Fr Stephen gave us three allocutions on the meaning of the Mass, and the spirit in which we should participate in it; they were thoughtful and full of insights which made a most helpful start to our Lenten devotions. Fr Stephen also took a very active part in the sewing side of the retreat; he learned to use the Guild sewing machines and assisted us in the making of the black faldstool cover. There is a piano in the room we use for sewing at Douai Abbey, and Fr Stephen played to us on this instrument in his rare moments of rest, which gave us all a great deal of pleasure. 


In addition to Mass on each day of the retreat we had morning Rosary, and, on Saturday evening, sung Compline before the Blessed Sacrament exposed, followed by Benediction. We were also invited to attend Douai Abbey's own community vespers, which is sung in Latin. These devotions are central to the work we do at the retreat, reminding us of the spiritual importance of the vestments we are handling and the vital need to treat them with care and respect; and to give them the best possible repair that we can.


It is a great source of delight to me to see the progress that is made in repairing the many old and damaged vestments that we deal with during the retreats. It is an additional joy to see the number of people who take part in the retreats, all making their contribution to this work.



Some of the chasubles and dalmatics we have repaired have needed dozens of hours of work to be done on them, and have therefore passed through the hands of several different retreatants. 


These vestments, though in heavy use, have often not been well treated in the past, probably simply because of the lack of anyone to mend and care for them.
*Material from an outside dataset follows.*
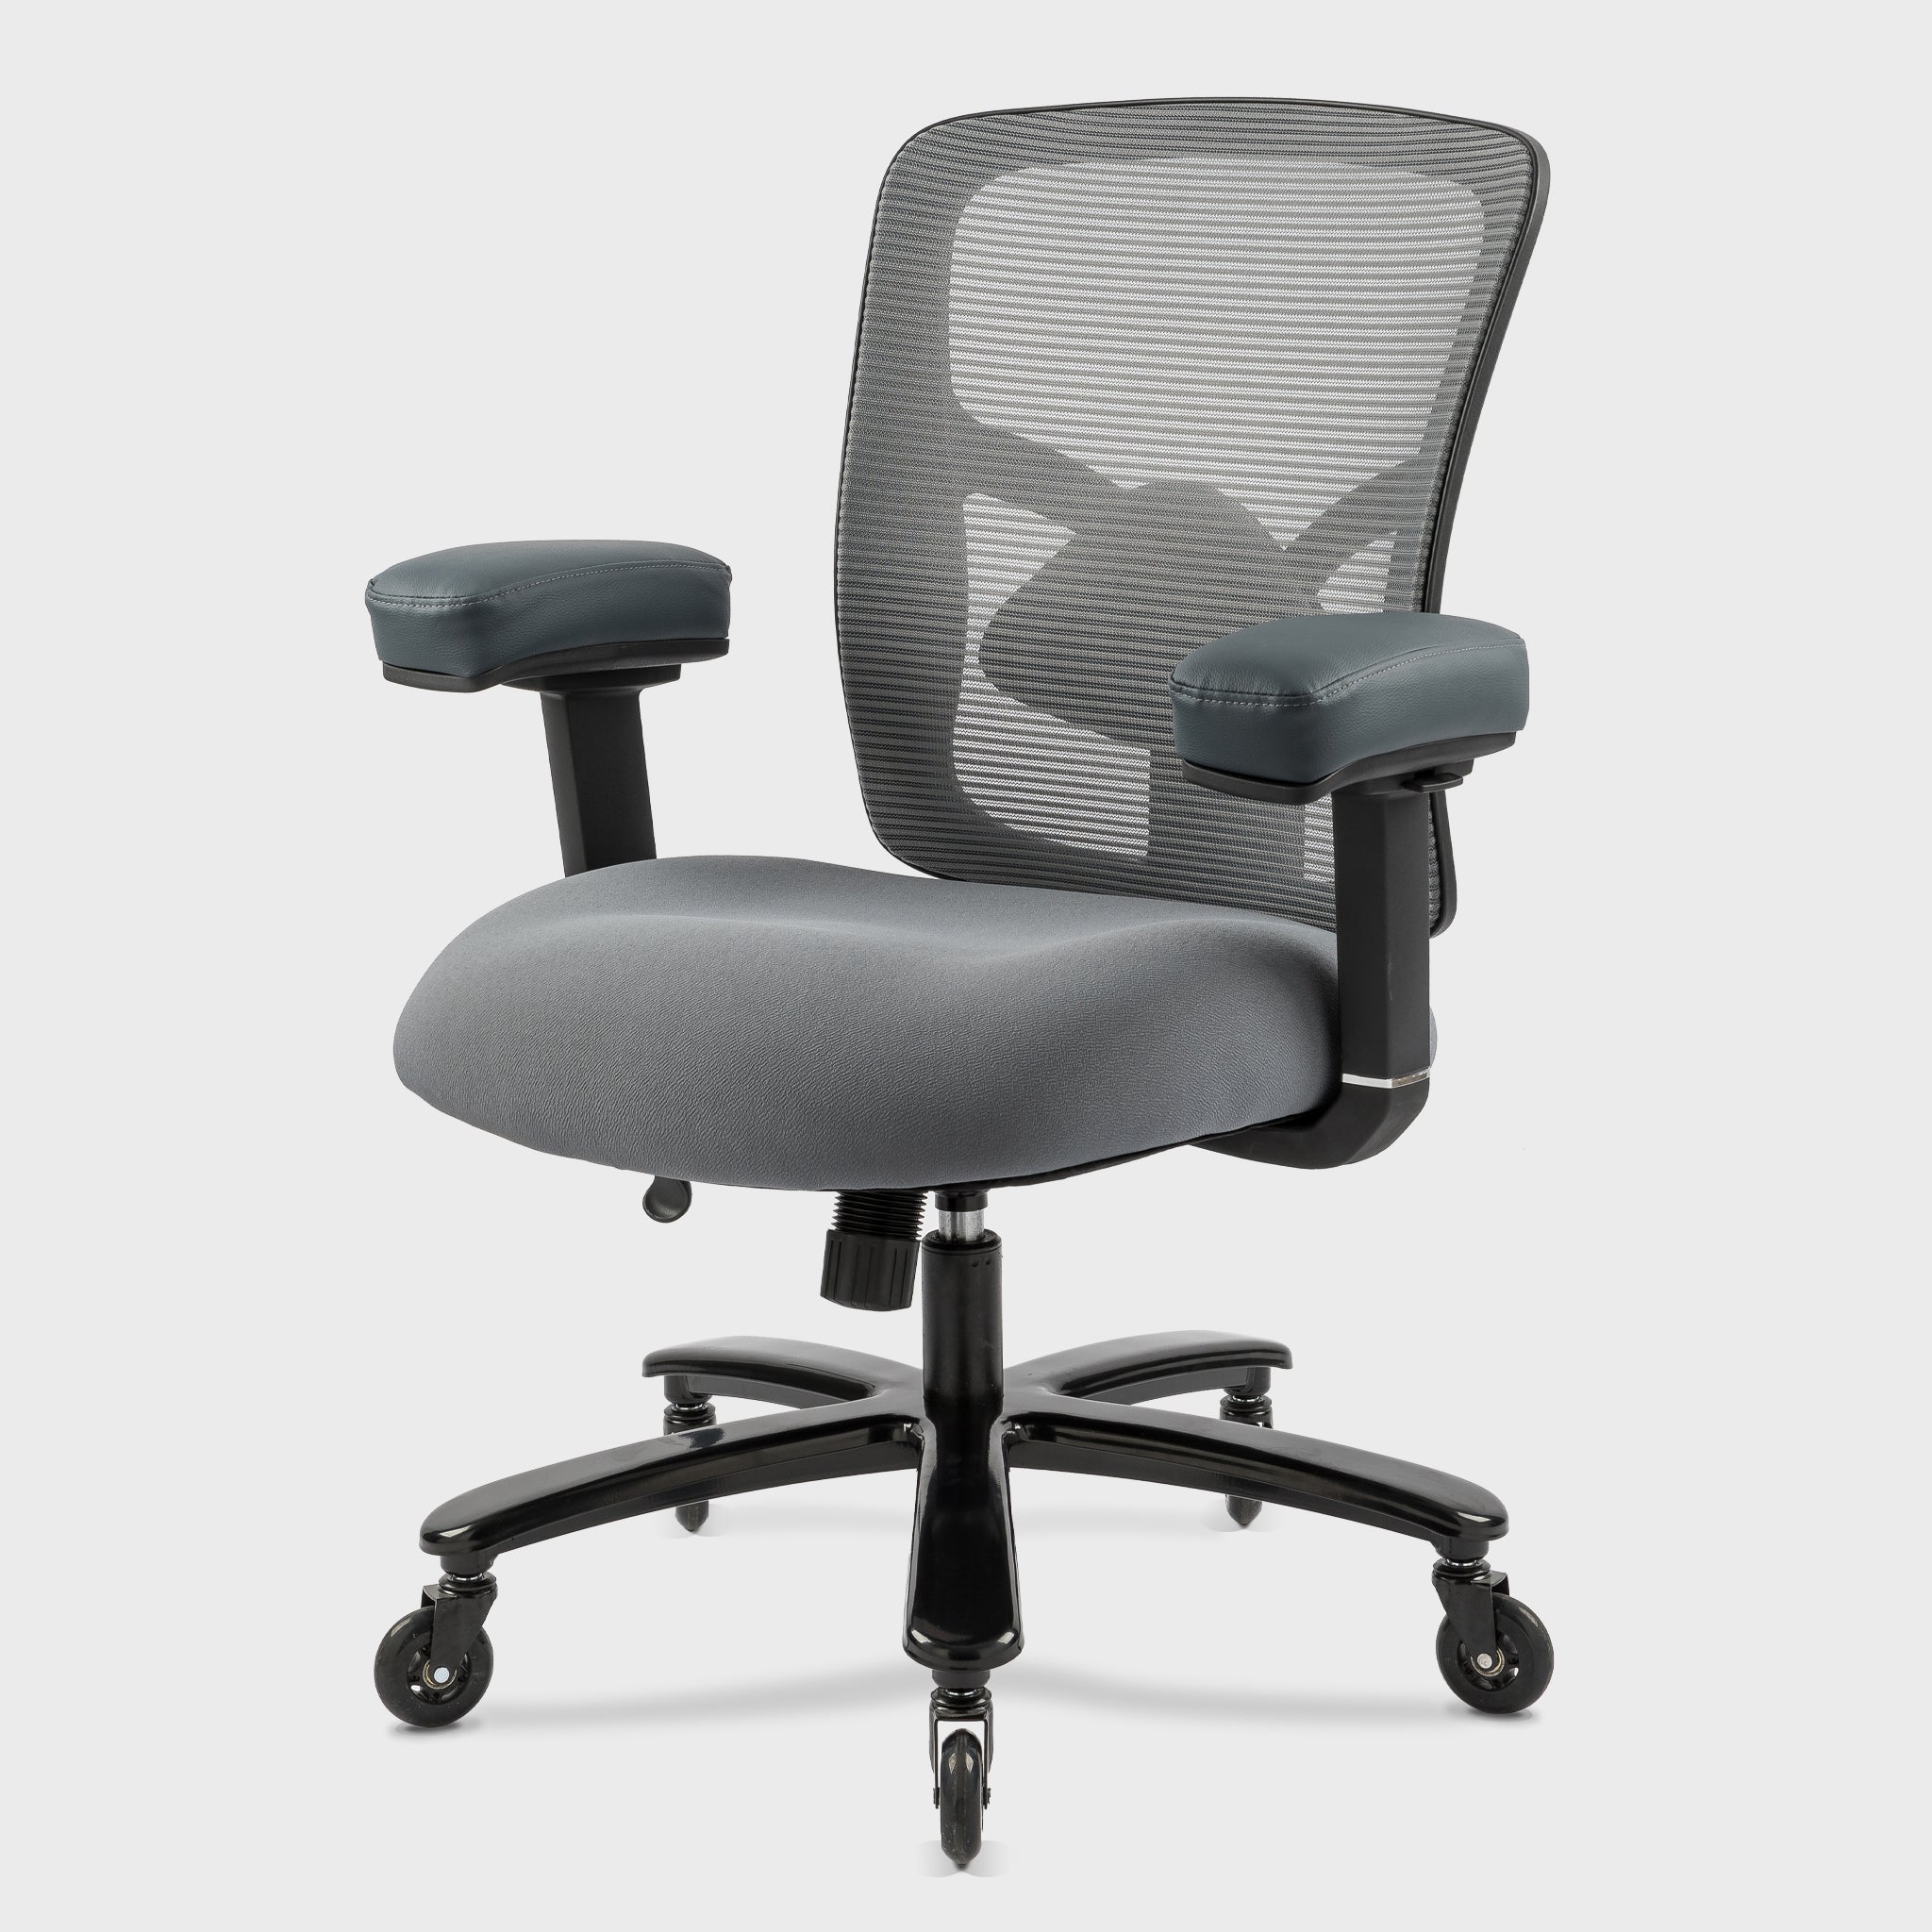 Ergonomic Office Chair Pro 5127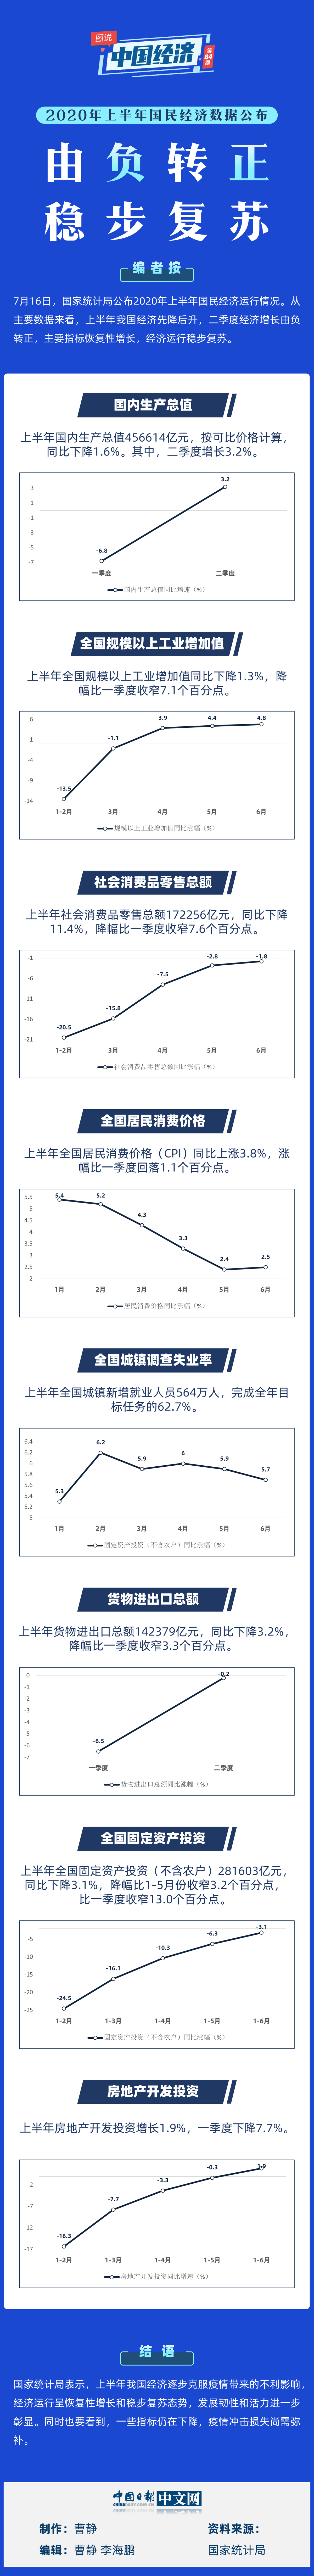 【图说中国经济】2020年上半年国民经济数据公布：由负转正 稳步复苏

This lack is handsomely compensated for by the love and attention that is lavished on them during the Guild of St Clare sewing retreats, when time and thought are not considered too great luxuries to expend on them.



Douai Abbey was as comfortable and hospitable as ever, and we look forward to our next retreat there, on November 20th- 22nd, to be led by Fr Tim Finigan. Online registration is now open: book online here.




Thursday, 27 February 2020

Guild of St Clare Lenten Challenge

There's no better way of supporting your Lenten devotions than by giving up some time to mending a vestment during the penitential season. This is a beautifully practical way of assisting our priests and deepening our devotions. If you'd like to take up the Guild of St Clare Lenten challenge, but don't have anything to mend, do come to the vestment mending day on 14th March at St James's Spanish Place.





Tuesday, 11 February 2020

Burse-making day at the RSN

The Guild of St Clare held an exclusive burse-making day at the Royal School of Needlework last Saturday, tutored by Heather Lewis. The lesson took place in the RSN's teaching apartments at Hampton Court Palace.

Heather Lewis, the RSN ecclesiastical specialist, led the course

Burse-making is tricky because it combines cutting and sewing skills with mounting. For many of the people attending it was their first experience of mounting fabric on to board; by the end of the day we'd all mastered the essentials.

The damask is pinned to the mount board before being laced on the back
I'm very grateful to Heather for putting this course together especially for us. This particular skill is rare but essential for anyone wanting to make a traditional set of vestments.


One of the highlights of the day was making cord by hand to stitch to the edge of the burse

The Guild of St Clare is often asked to make stoles, maniples, chalice veils and burses to make up incomplete sets - I'm delighted that we are slowly acquiring the expertise we need to do this to a high standard.

Antonia lacing her damask on mount board
Heather showed us the beautiful half-size burse
she uses to teach burse-making to the RSN's
full-time students
Following the success of the occasion I plan to organise a stole-making workshop next year. It will be splendid to see the gradual building of vestment-making skills among the dedicated people who attend our retreats and vestment-mending days, and I hope to see as good an attendance as we had last Saturday.